The final opening section is the executive summary, which is an overview of the company, your plans for its success and the route to get there. This summary often is the first thing investors read, and it must be concise and well written, so plan to spend a lot of time perfecting it. You should also mention the current stage the company is in, what problems it solves in the marketplace and a brief discussion of its revenue and profit forecast.
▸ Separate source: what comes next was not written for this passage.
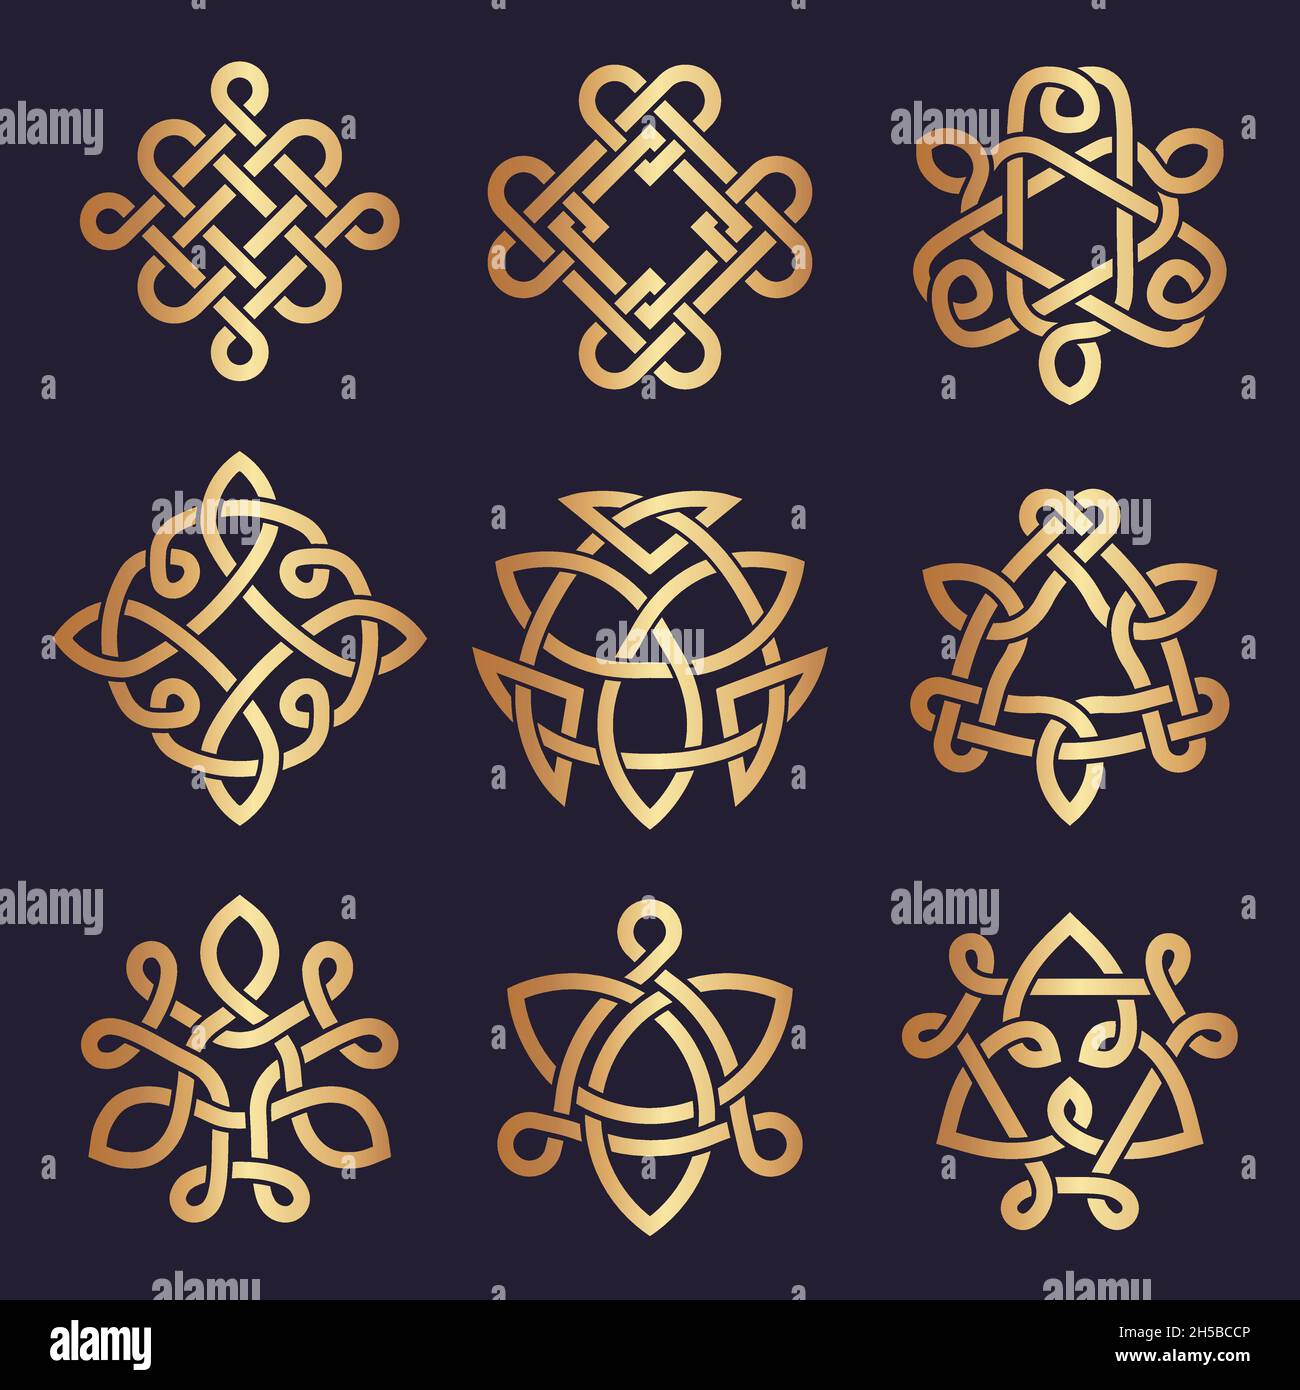 Nœuds celtiques.Symboles triangulaires stylisés motifs géométriques du tatouage irlandais ancien vecteur récent illustrations celtiques Illustration de Vecteur
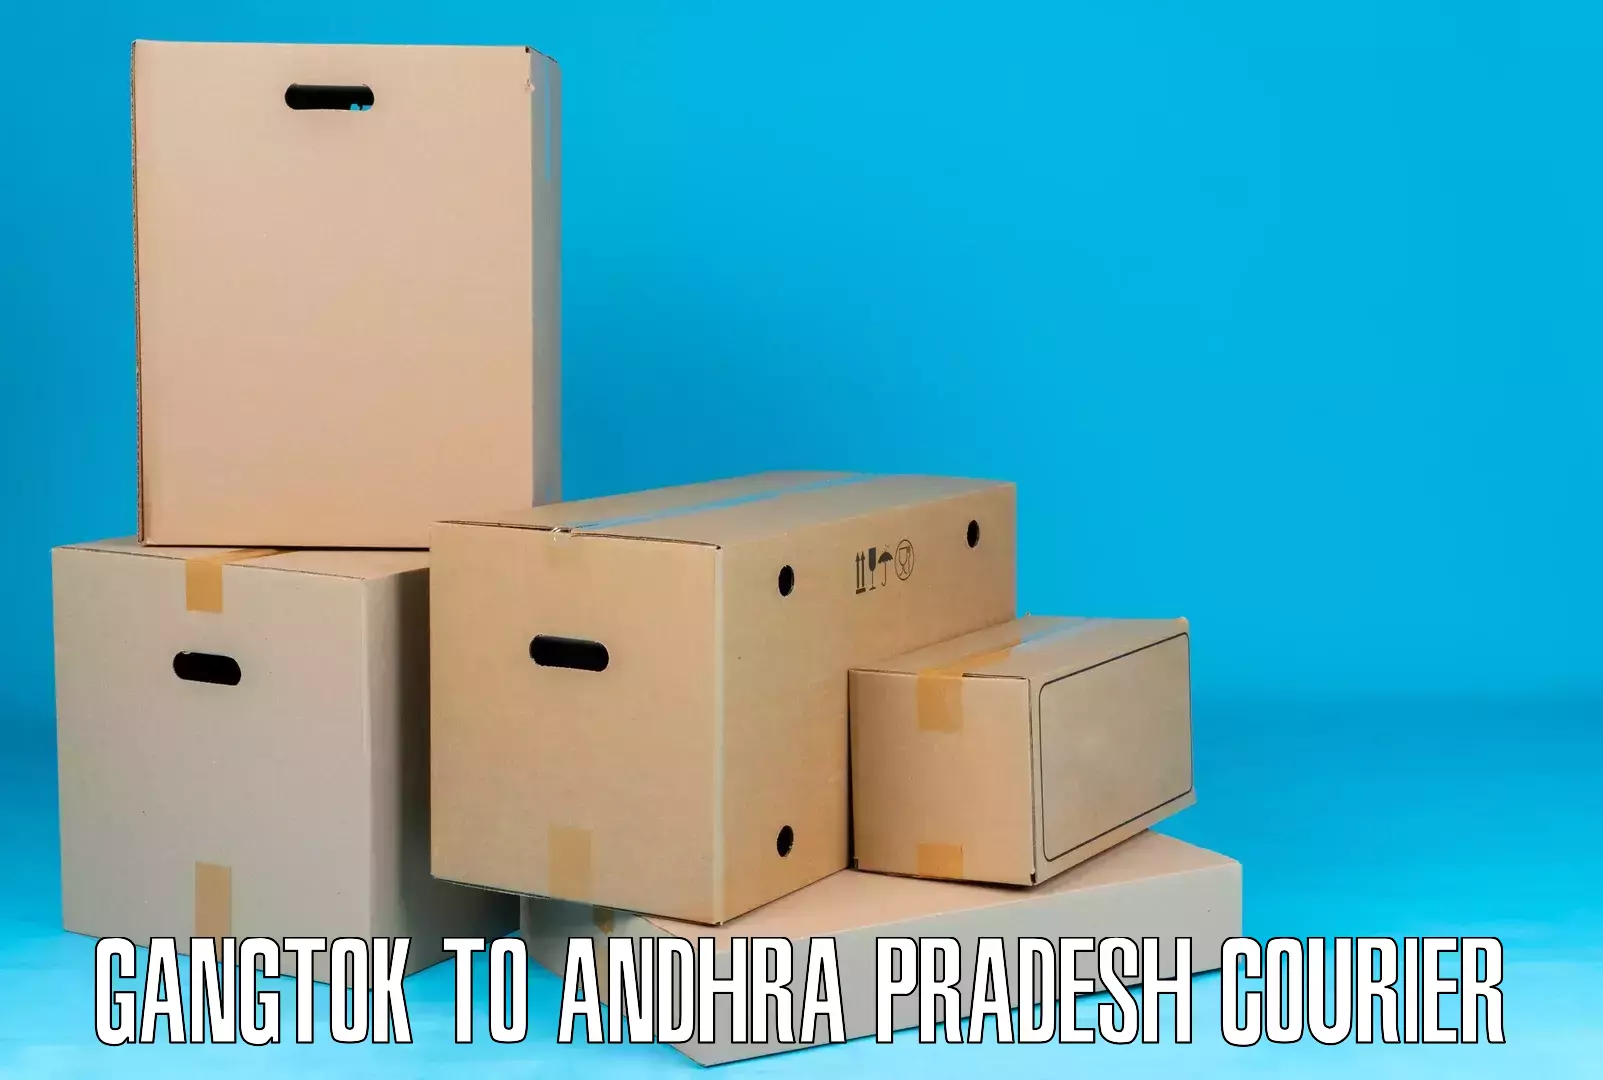 Efficient parcel delivery Gangtok to Gudur

The main section of the business plan will probably take the most time to compile, but it is vital for providing a deep dive into the proposed company and its many aspects. Here is the ideal breakdown of these categories:
- Background of company
- A brief history of the business
- A mission statement
- Company’s current status
- The concept behind the product or service
- Overview of the business objectives
- Analysis of the market
- Overall industry
- Specific segment of the market
- Sales forecast
- Major competitors
- Development of the product or service
- Research and development
- Propriety features
- Production process
- Quality assurance measures
- Backup plans
- Marketing strategies
- Survey results
- Profile of target customers
- Long-term marketing plan
- Backup plans
- Current position
- Accounts receivable and payable
- Break-even analysis
- Cost-control measures
- Financial projections
- Organizational structure
- Management qualifications and responsibilities
- Other personnel
- Directors and advisors
- Future personnel, both key and other
- Labor force predictions
- Business structure
- Current capitalization
- Future capitalization
- Exit strategies
- Royalty and licensing agreements
- Risk factors
- Unexpected market trends
- Cost overruns
- Falling short of sales projections
- Technological developments
- Other risks
This section should sum up the main factors discussed in the body of the business plan. It should include a timeline for projected funding and developments, which should be realistic but forward-looking as well.
Finally, there are a number of supporting documents – mainly financial ones – that should be included in the back. This includes basics such as photos and descriptions of the products, a production flowchart, the market analysis, press releases, financial statements, a profit-and-loss statement, key contracts and any other paperwork that supports statements or predictions mentioned in the main part of the business plan.
Clearly, a business plan is an important collection of information that may be key to the success of the company. Writers should take care to ensure the document is well written and complete. They might even want to have an attorney review it before anyone else has access.